In the olden days, like my grandfathers time, major corporations had
facilities all over the country. So its highly likely if you live in WI and a
job the next level up opened, odds are it'll be in TN not next door, well, you
moved to TN. In my dad's generation all those facilities closed except for
perhaps one or two, and mostly offshored, and all expansion is of course
offshore. So imagine you work at one of the last Milwaukee Tool plants still
open in Georgia today. You won't be moving to the Milwaukee mfgr plant because
they'll be no promotion at the Milwaukee mfgr plant because that plant closed
in my dad's generation.

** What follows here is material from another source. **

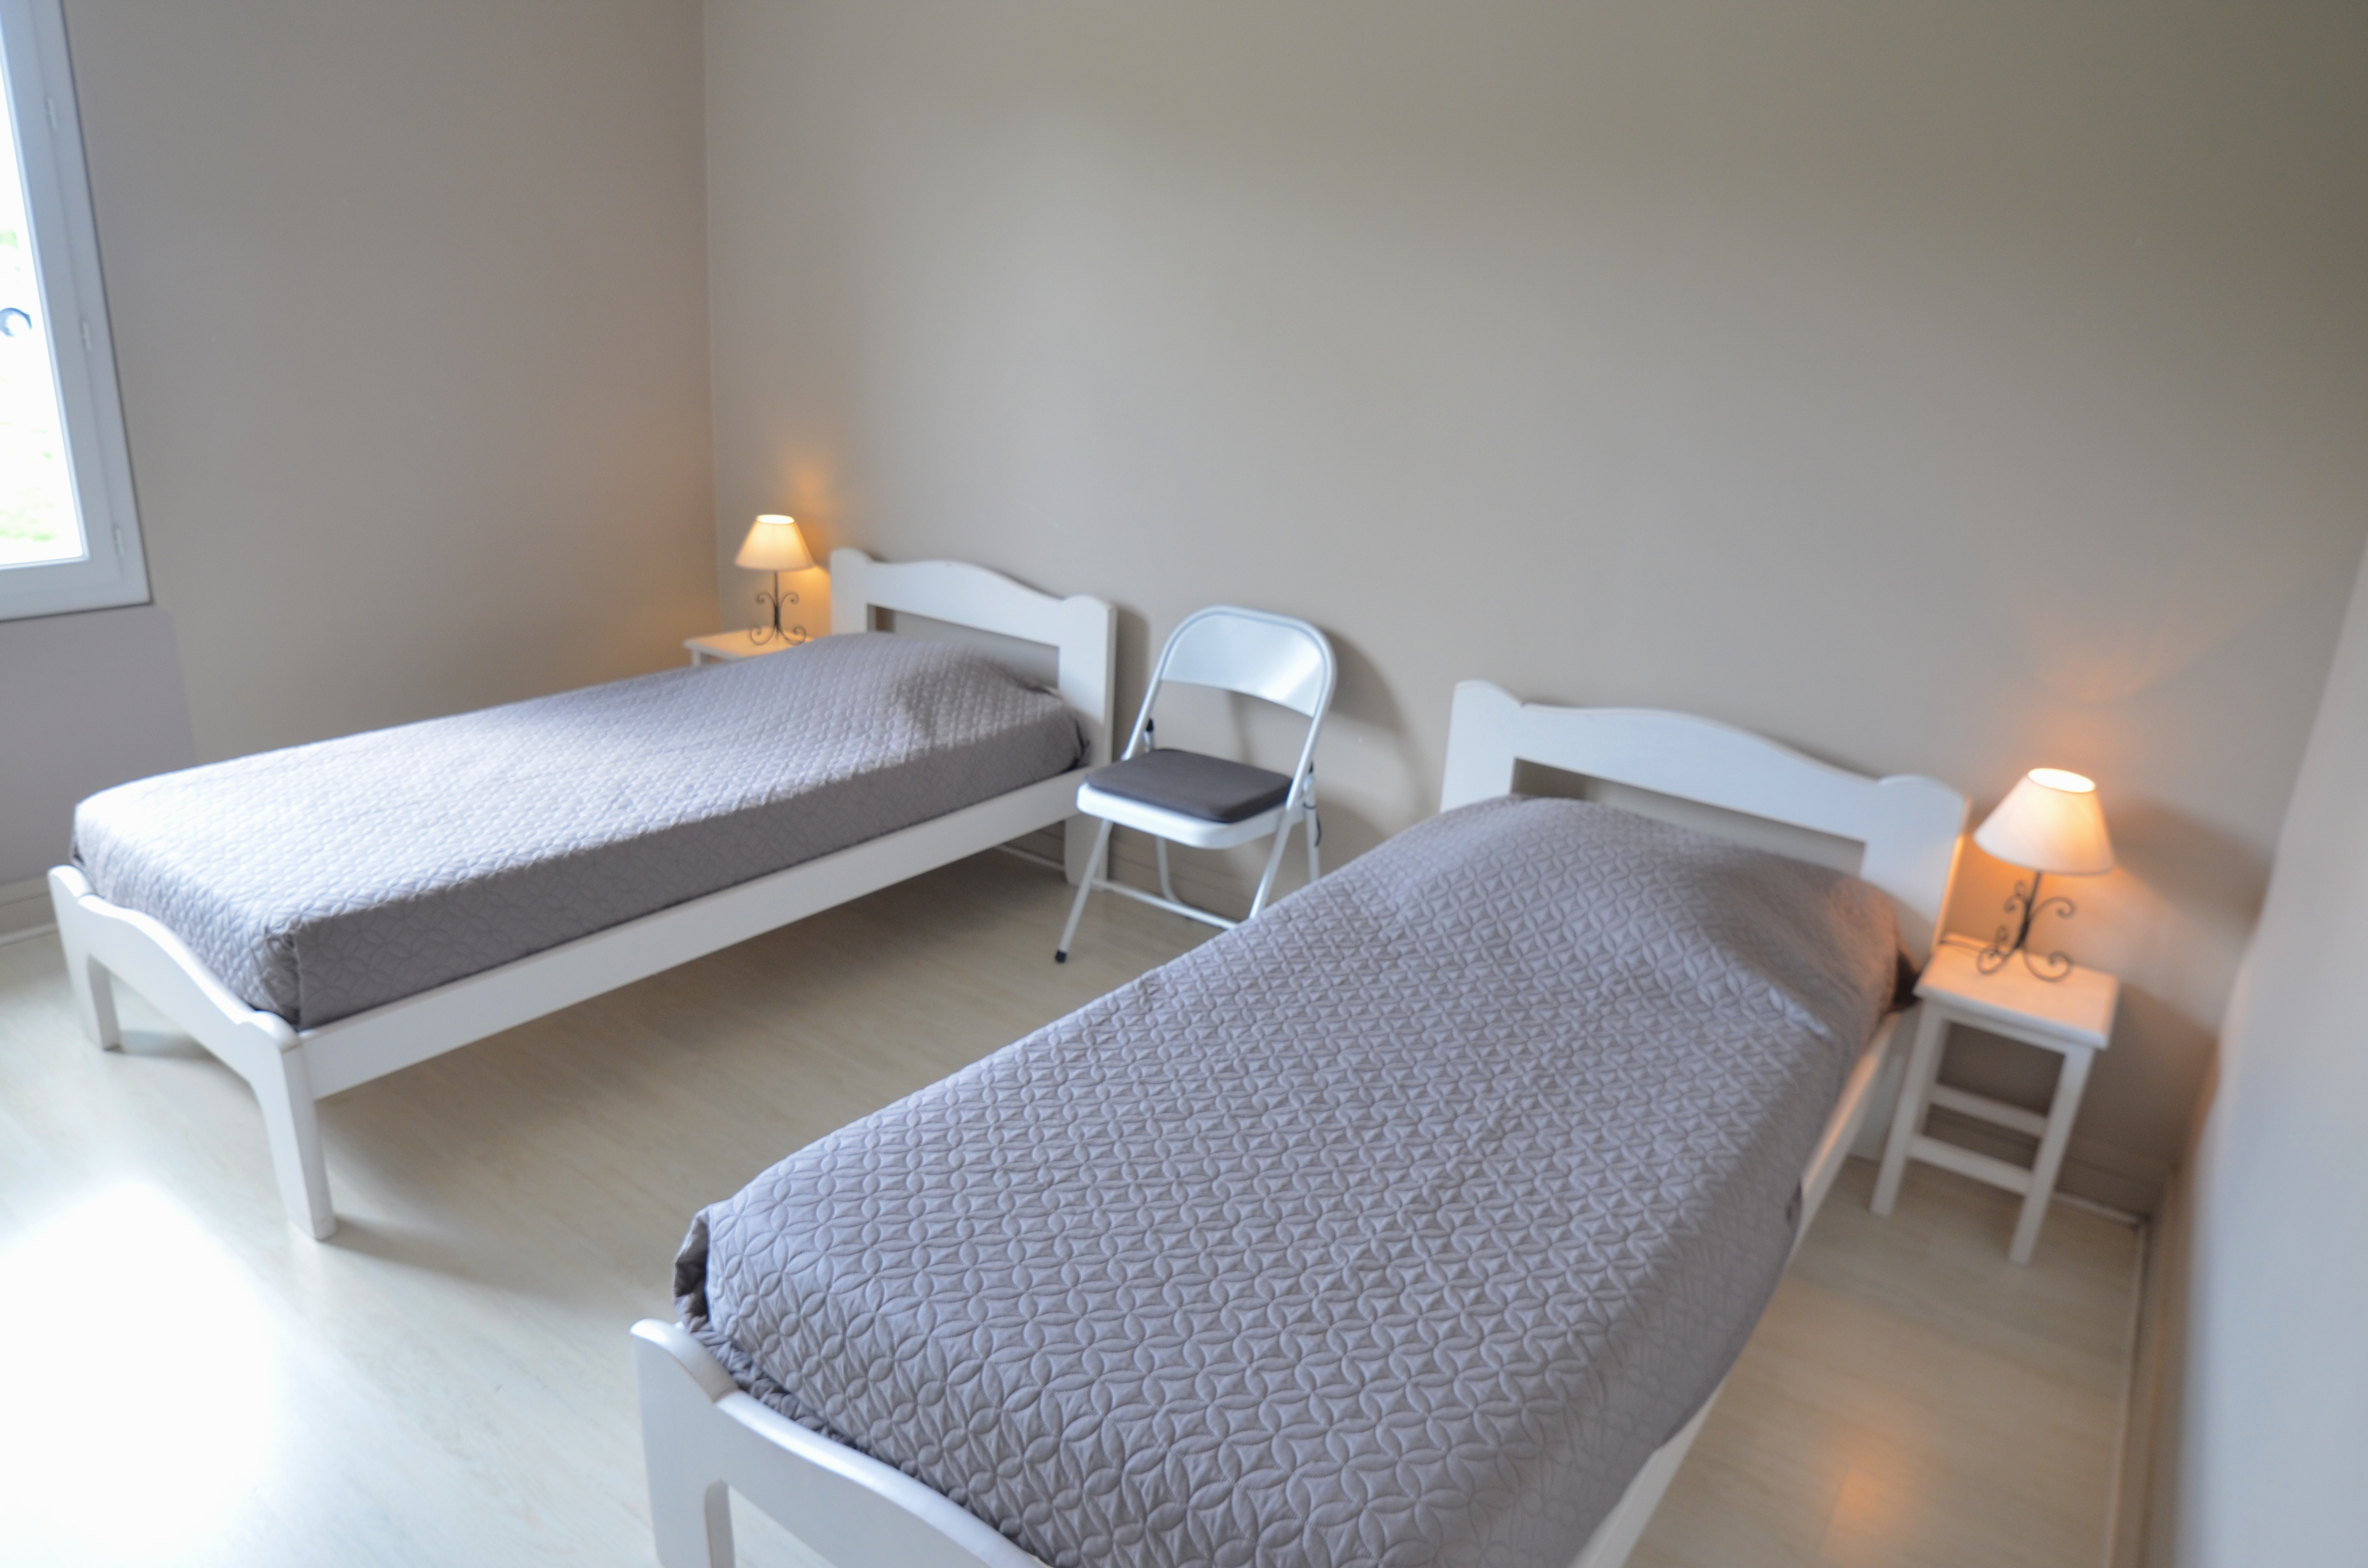 location salle avec couchage normandie
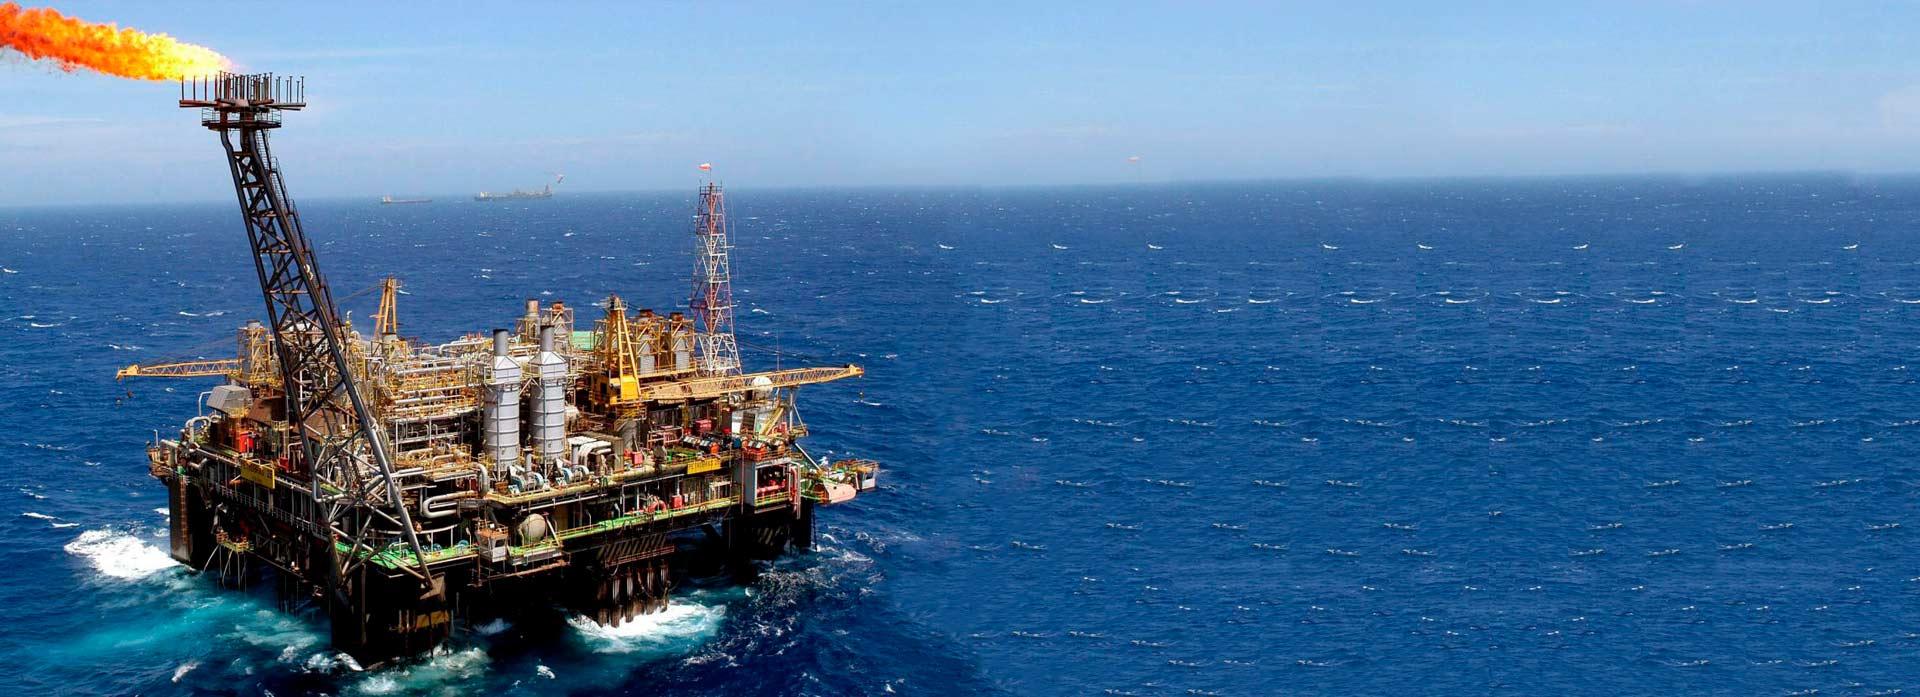 Detalhes - Seguro Riscos de Petróleo Sompo

There might be a fantastic promotion job opening in
mainland China, Taiwan, or perhaps Korea, but its unlikely you speak the
language and are willing to drag everyone in the family along. So that's why
the guys working in GA are not moving all over the country; nowhere to go.

This also relates to merger mania. My dad always worked for the railroads in
the 60s thru 90s. For a couple railroads. Usually in their HQ IT dept. So lets
say he worked for the Milwaukee Road Railroad and wanted to move. Well, he
could get a job at the Soo line, or the Wisconsin Central (HQ in Chicago,
never figured that one out), or CP, or CMSP, or SouthShore, or ... In fact he
worked at quite a few of those places at one time or another. Now, of course,
there is just the CP which owns them all, or whats left of them all, and the
relevant part isn't that 10 or 20 jobs have converged into one, because the
workload is constant (actually increasing) there probably still are 20 or so
jobs, in fact there's probably 30 due to expansion. The part of this story
that's relevant is all 30 of those IT jobs WILL ONLY be at CP HQ in Calgary
Canada. When promotional opportunities open, it'll be in the office next door,
not Chicago or Milwaukee or Minneapolis or wherever the CMSP was based because
those offices closed a generation ago... Therefore no one who works for "the"
railroad in the upper midwest will be moving for work; either you already live
in Calgary and already work for CP or you're unemployed.

This is hardly specialized to IT. There's ONE really big national retailer in
Arkansas. There used to be dozens of (now failed) department stores employing
about the same number of people.

This is also fractally self similar at smaller scales. Three regional womens
clothing stores have collapsed and one regional has adsorbed them and/or their
traffic. Its not just national level. Much as there were 10 railroads
employing 1K in each city and now there's one railroad employing about 9K in
one city, at a city level there used to be ten machine shops spread across the
city each employing 20 people, now there's like two machine shops each
employing 100 people.

------
jotm
It seems to me that people are not moving because they have already moved to
the most desirable places and are mostly content with their situation. Even
with the recession, things are nowhere near as bad as they were pre-1940's.